++++ GIVEN MATERIAL
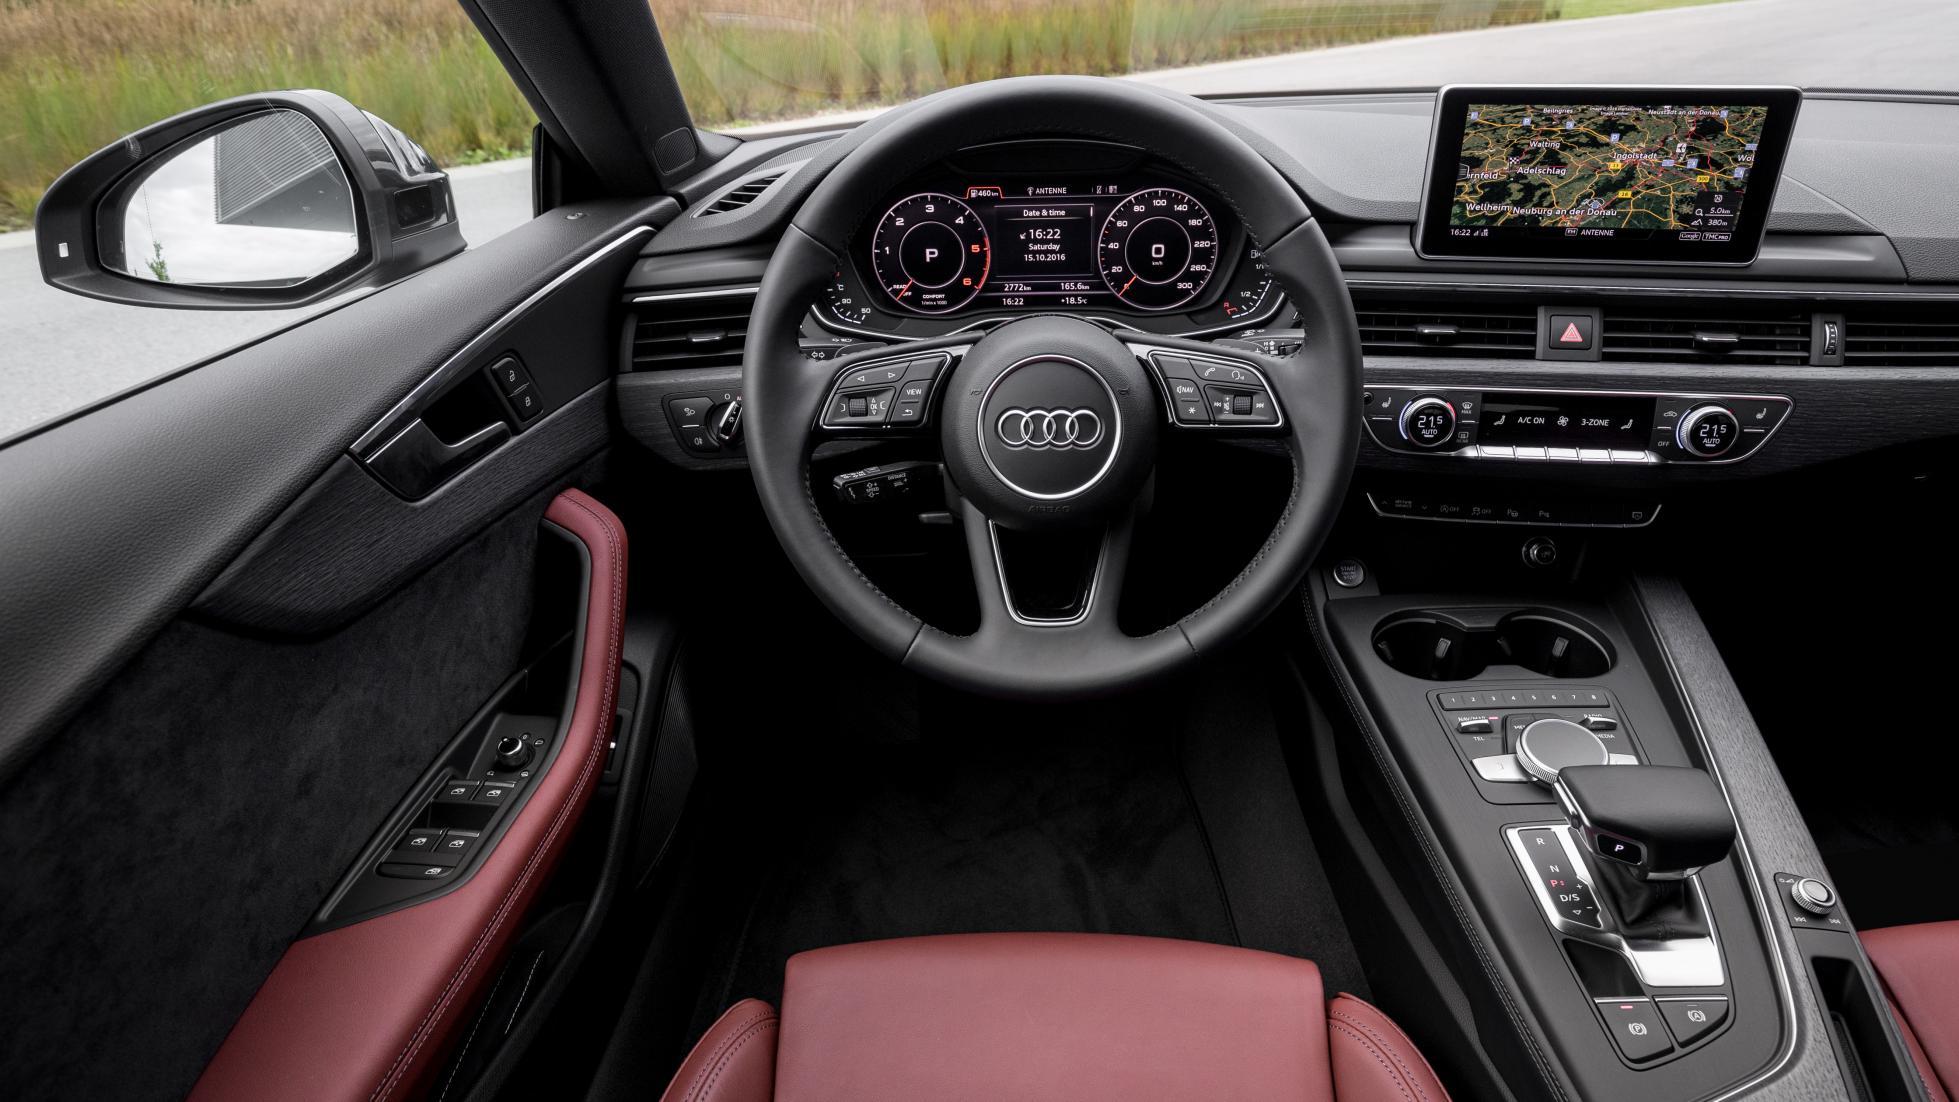 Audi A5 Sportback interior driver's seat
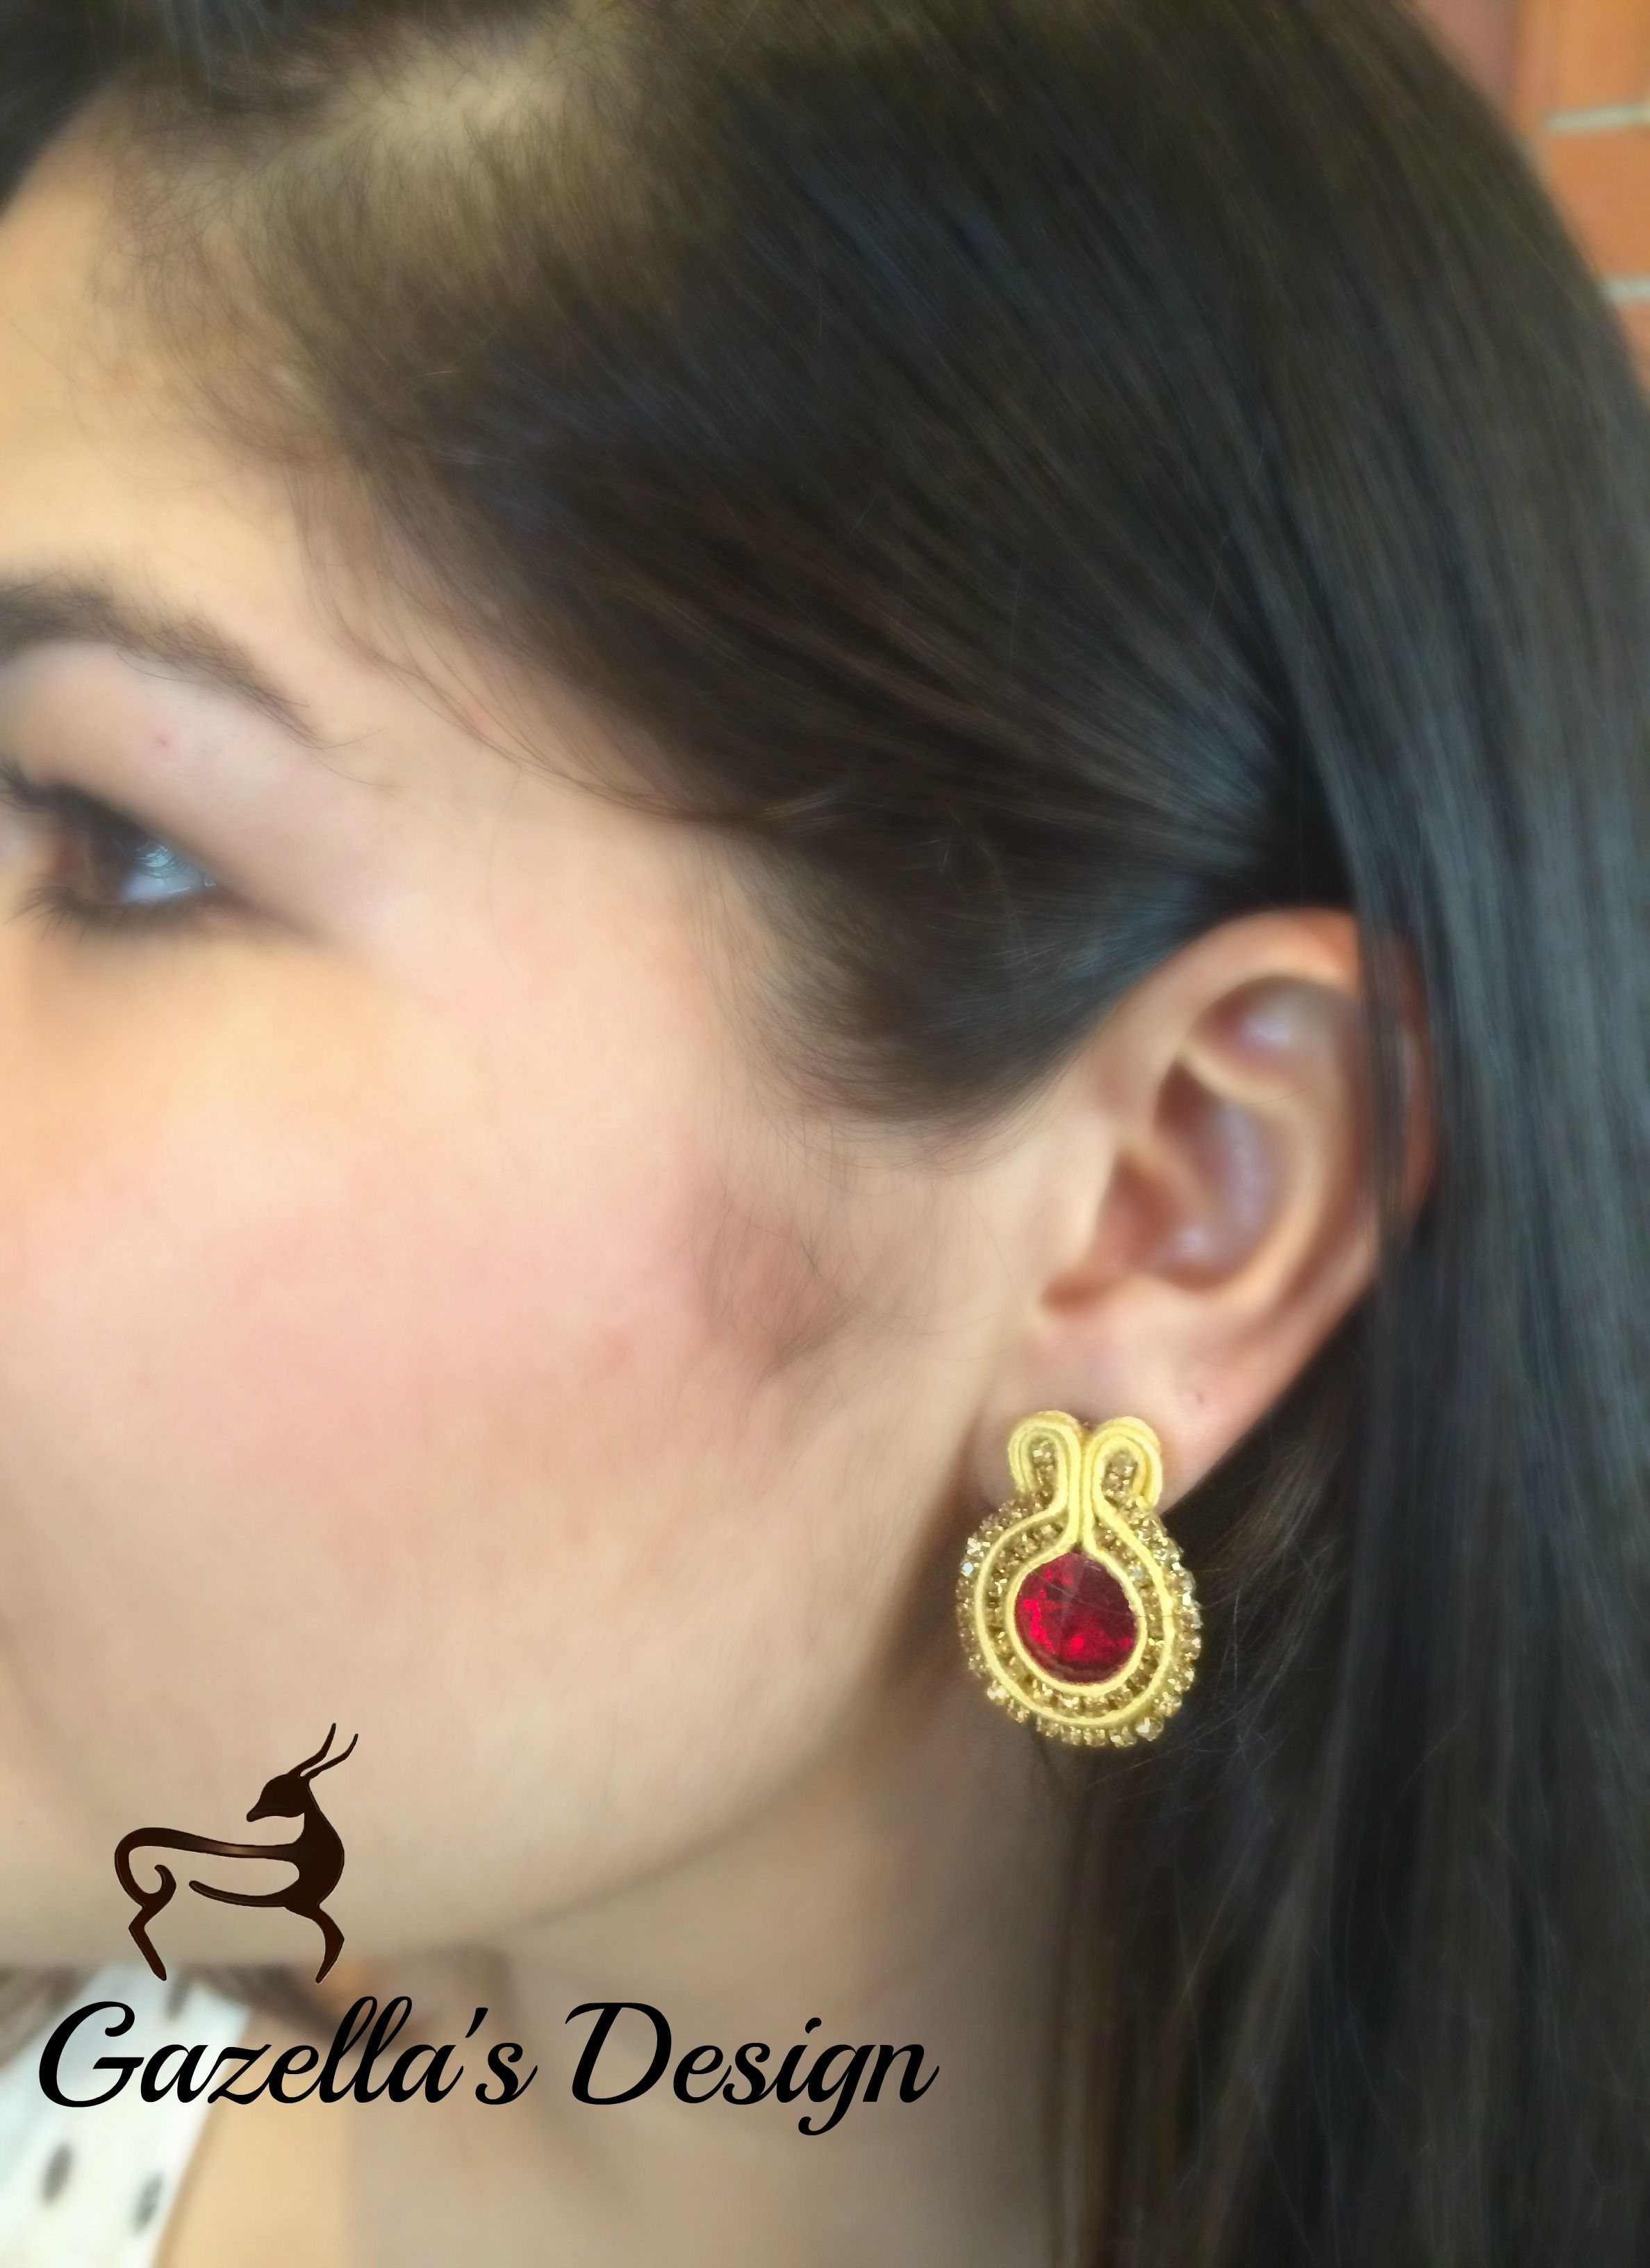 Red Glam.... Purchase info gazellasdesign@gmail.com or or visit www.poshmark.com/closet/gazellasdesign #soutache #earrings #elegantearrings #elegance #fashionpolis #texasfashion #madeforyou #handmade #handmadeset #accesoriesshop #custommade #jewelry #texas #houstongram #getyours #trendingnow #jewelryset #onlineshopping #onlinestore #shophouston @gazellasdesign
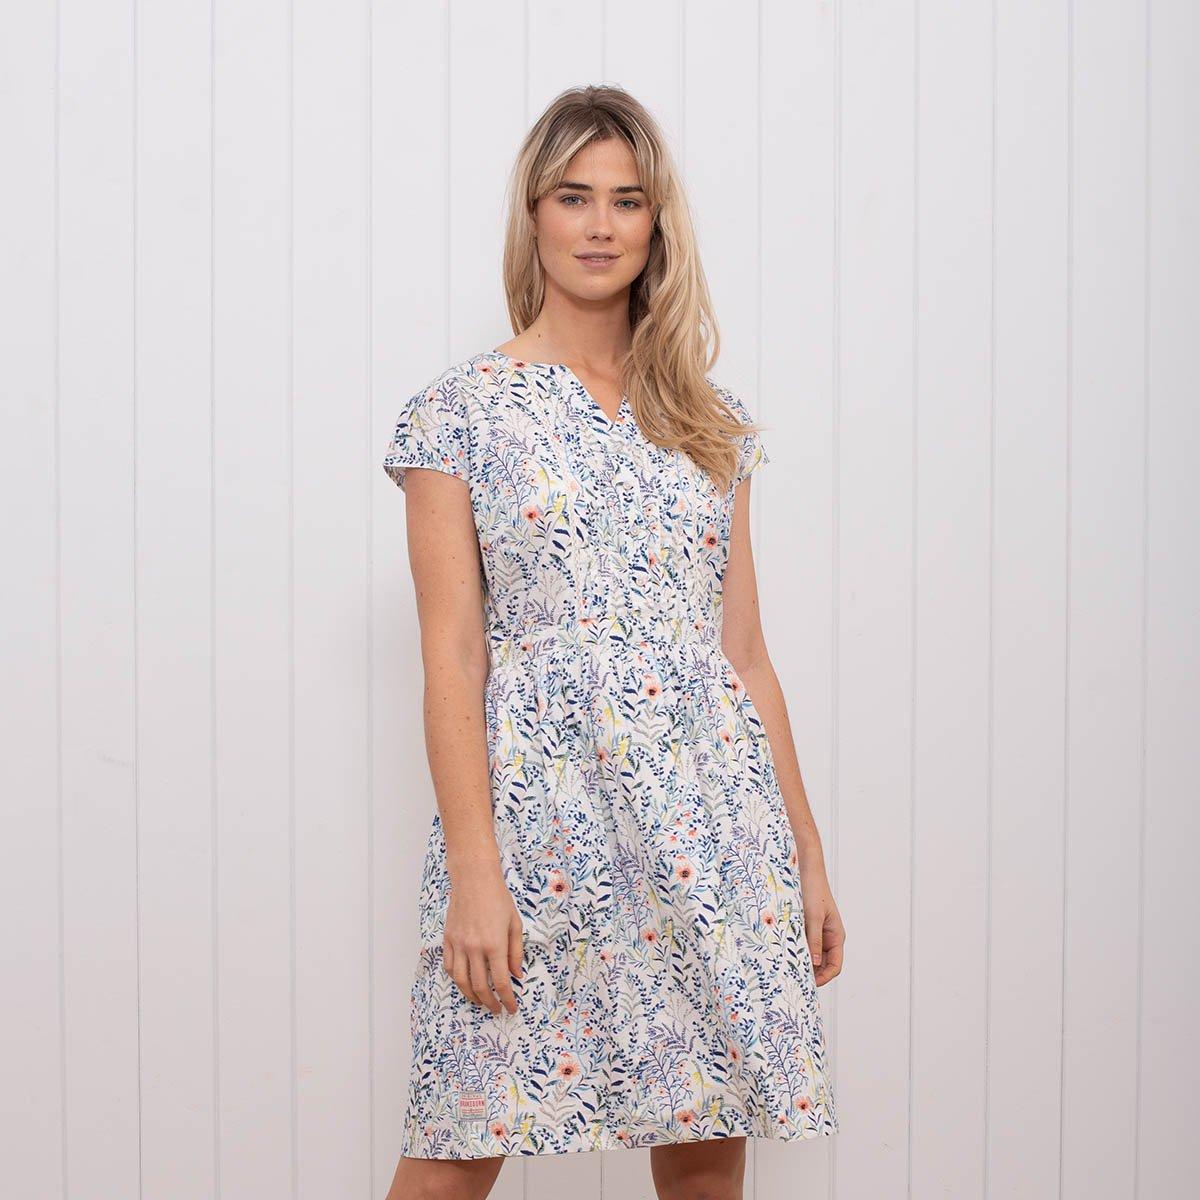 731f620e6eeb Brakeburn Biele letné šaty s potlačou kvetov - JoyStore.sk
++++++++
YOUR TASK => Give the material above again exactly as it stands, minus any images.

TASK SOLUTION =>
 Audi A5 Sportback interior driver's seat
 Red Glam.... Purchase info gazellasdesign@gmail.com or or visit www.poshmark.com/closet/gazellasdesign #soutache #earrings #elegantearrings #elegance #fashionpolis #texasfashion #madeforyou #handmade #handmadeset #accesoriesshop #custommade #jewelry #texas #houstongram #getyours #trendingnow #jewelryset #onlineshopping #onlinestore #shophouston @gazellasdesign
 731f620e6eeb Brakeburn Biele letné šaty s potlačou kvetov - JoyStore.sk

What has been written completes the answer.